Census-designated place in Mesa County, CO, USA

Fruitvale is a census-designated place (CDP) in and governed by Mesa County, Colorado, United States. It is part of the Grand Junction, CO Metropolitan Statistical Area. The population was 8,271 at the 2020 census, up from 7,675 in 2010. The Grand Junction post office (Zip Code 81504) serves Fruitvale postal addresses.

==Geography==
Fruitvale is in central Mesa County, bordered to the west by the city of Grand Junction and to the east and south by unincorporated Clifton. Interstate 70 forms the northern edge of the Fruitvale CDP, and U.S. Route 6 forms the southern edge. The CDP has an area of 2.9 sqmi, all land.

===Climate===

Climate data for Fruitvale, Colorado
| Month | Jan | Feb | Mar | Apr | May | Jun | Jul | Aug | Sep | Oct | Nov | Dec | Year |
| Mean daily maximum °F (°C) | 38 (3) | 46 (8) | 56 (13) | 65 (18) | 75 (24) | 86 (30) | 92 (33) | 90 (32) | 81 (27) | 68 (20) | 51 (11) | 41 (5) | 65.75 (18.75) |
| Mean daily minimum °F (°C) | 17 (−8) | 24 (−4) | 33 (1) | 39 (4) | 48 (9) | 57 (14) | 63 (17) | 61 (16) | 52 (11) | 41 (5) | 29 (−2) | 19 (−7) | 40.25 (4.58) |
Source: Intellicast

==Demographics==

The United States Census Bureau initially defined the Fruitvale CDP for the 1990 United States census.

===2020 census===

As of the 2020 census, Fruitvale had a population of 8,271. The median age was 43.0 years. 21.4% of residents were under the age of 18 and 23.3% of residents were 65 years of age or older. For every 100 females there were 98.8 males, and for every 100 females age 18 and over there were 96.4 males age 18 and over.

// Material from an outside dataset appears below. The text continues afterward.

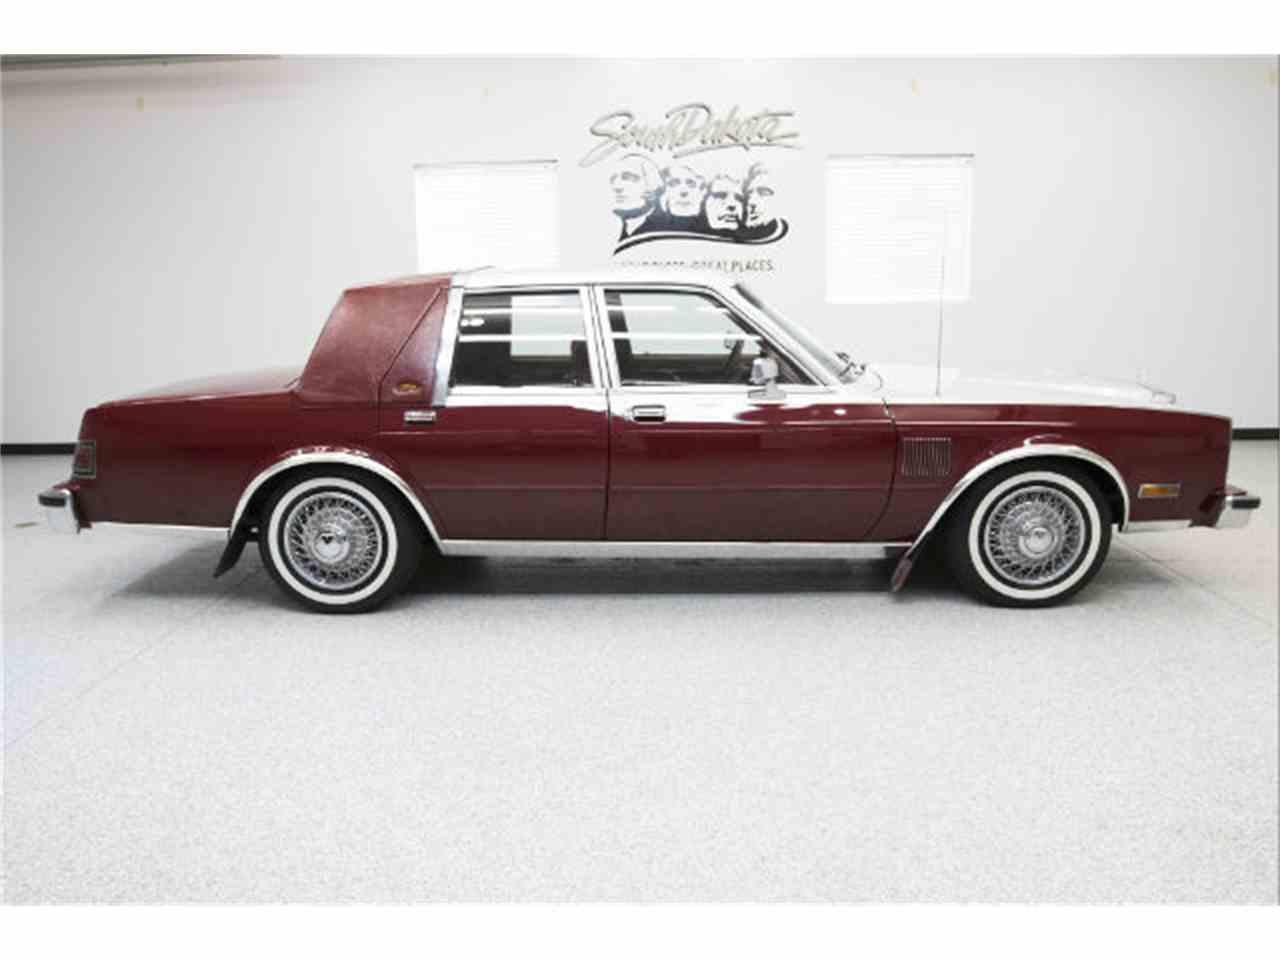 1986 Chrysler Fifth Avenue for Sale - CC-1046735

100.0% of residents lived in urban areas, while 0.0% lived in rural areas.

There were 3,272 households in Fruitvale, of which 28.3% had children under the age of 18 living in them. Of all households, 57.4% were married-couple households, 15.5% were households with a male householder and no spouse or partner present, and 20.8% were households with a female householder and no spouse or partner present. About 23.1% of all households were made up of individuals and 14.0% had someone living alone who was 65 years of age or older.

There were 3,412 housing units, of which 4.1% were vacant. The homeowner vacancy rate was 1.9% and the rental vacancy rate was 7.9%.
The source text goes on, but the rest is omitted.